Вы, г-н Наблюдатель, засмеетесь и скажете: да разве наказание розгами до рубцов не жестокость, не мачехино битье? Да, наказание до рубцов есть зверство, это так, но ведь этот случай (единичность его была подтверждена на суде, для меня же подтверждена теперь положительно), повторяю это, ведь не есть же систематическое, постоянное, зверское мачехино битье целый год, это только случай и вышедший из неумения воспитывать, из ложного понимания, как нужно научить ребенка, а вовсе не из ненависти к нему или потому, что "его должность такая". Таким образом, ваше изображение этой женщины, как злой мачехи, и то лицо, которое определилось на суде из действительных фактов, - совершенная разница. Да, она вышвырнула ребенка, преступление страшное и зверское, но ведь не как злобная же мачеха она это совершила, - вот об чем прежде всего вопрос в ответ на ваше голословное обвинение. Для чего же вы поддерживаете такое лютое обвинение, если сами знаете, что его доказать нельзя, что на суде оно было оставлено и что совсем не было свидетелей, его подтверждающих.
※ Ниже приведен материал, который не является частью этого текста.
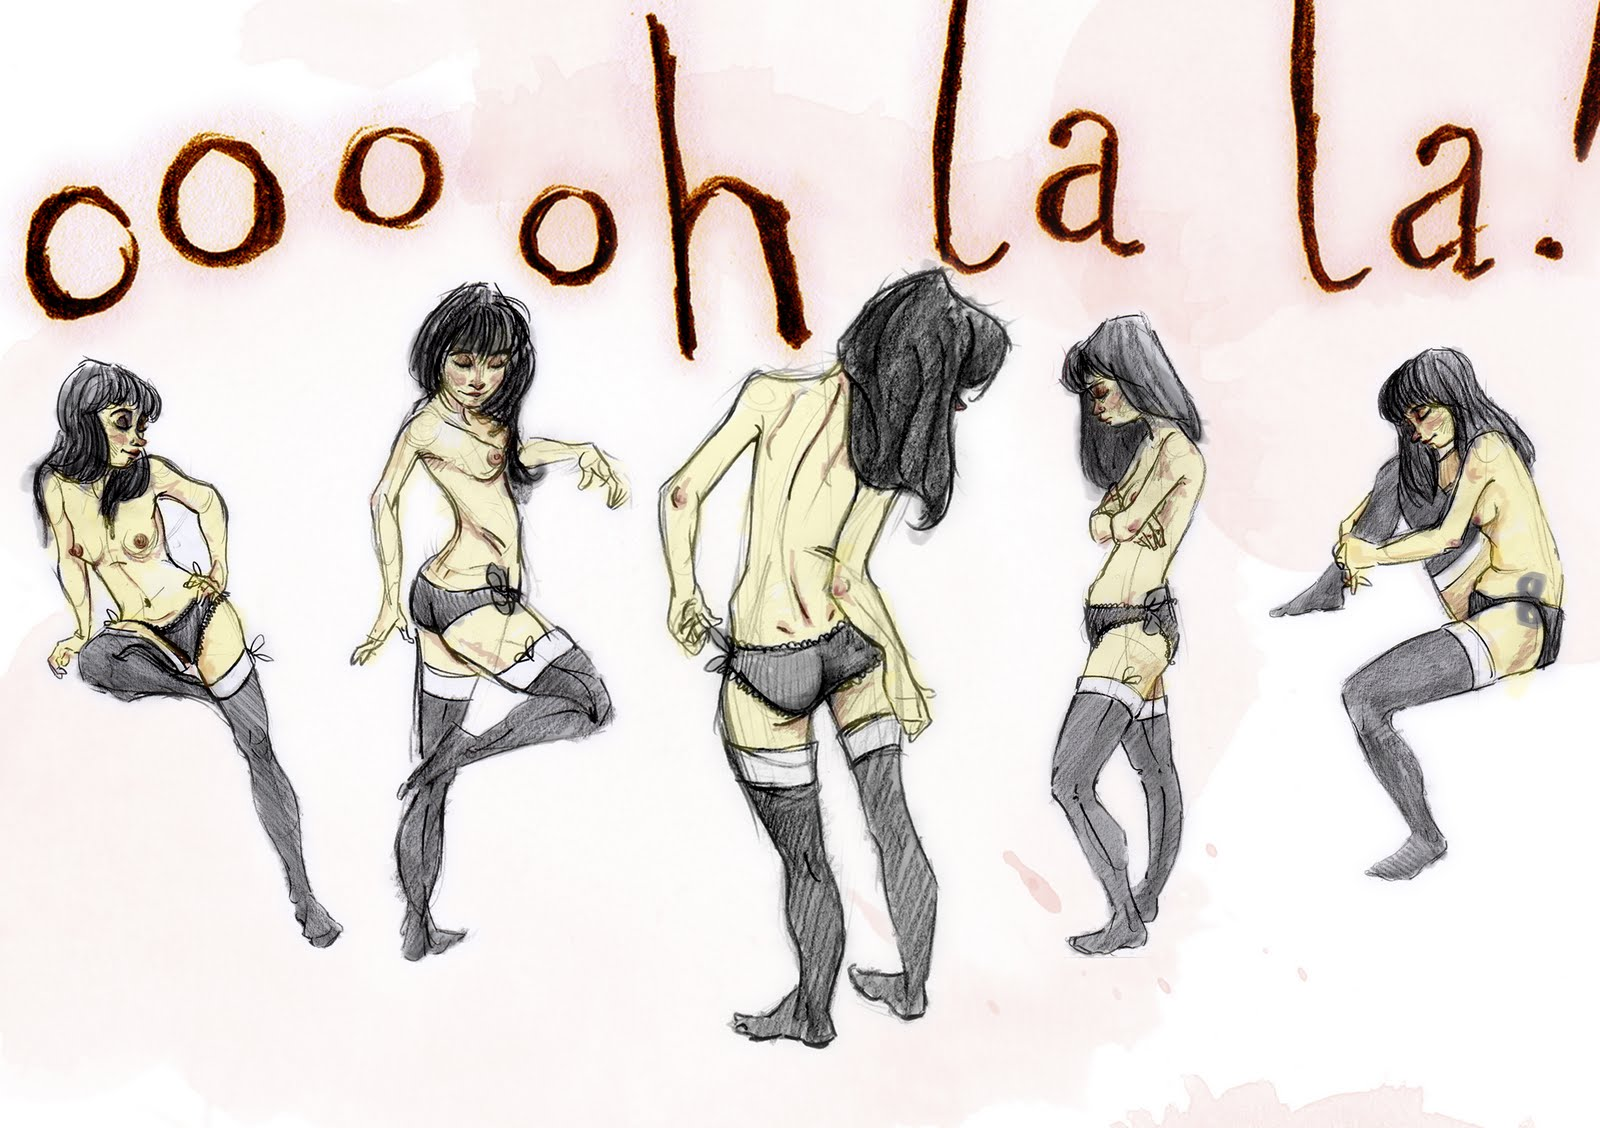 Oooh stacey bradshaw's blog thing: oooh la la!

Неужели для одного лишь литературного эффекта? Ведь выставляя на вид и доказывая, что это сделала мачеха, заключившая этим убийством целый год истязаний ребенка (небывалых вовсе), - вы тем самым извращаете впечатление малосведующего в этом деле читателя, исторгаете из его души сожаление и милосердие, которых он поневоле не может ощущать, прочтя статью вашу, к извергу мачехе; тогда как, не будь в глазах его эта мачеха выставлена вами как мучительница ребенка, она бы, может быть, и заслужила в его сердце хотя малое снисхождение, как больная, как болезненно-потрясенная, раздраженная беременная женщина, что ясно из фантастических, диких и загадочных подробностей события. Справедливо ли так поступать общественному деятелю, человечно ли?
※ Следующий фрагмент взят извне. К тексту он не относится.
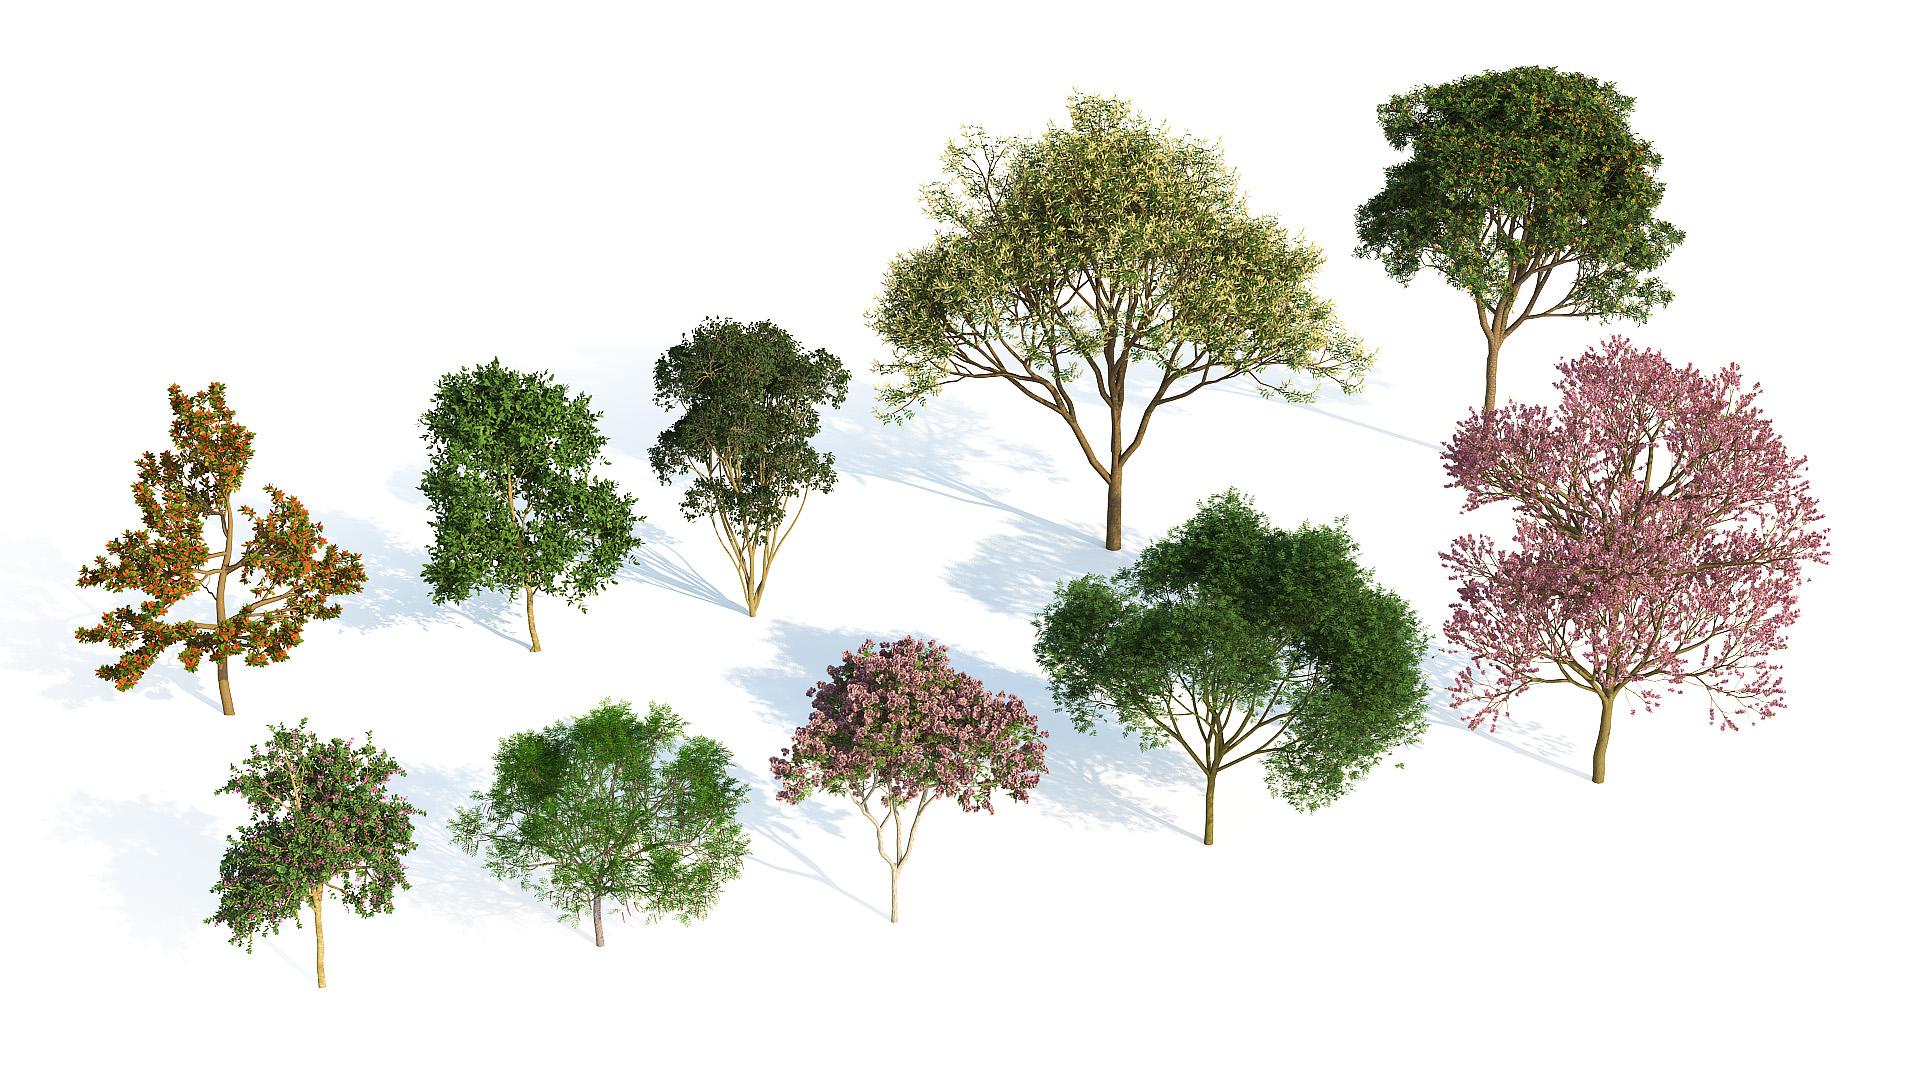 Laubwerk - Plants Kit 3 for 3ds Max, Maya, Cinema 4D

Но вы еще и не то говорите. Вы написали, и опять-таки твердо и точно, как изучивший всё дело до мельчайшей подробности наблюдатель:

"Аффект беременности" - ну, выдумано новое жалкое слово. Как бы силен этот аффект ни был, однако женщина под влиянием его не бросалась на мужа, ни на соседних жильцов. Весь аффект ее исключительно предназначался для беззащитной девочки, которую она тиранила целый год без всякого аффекта. На чем же основались присяжные в оправдании?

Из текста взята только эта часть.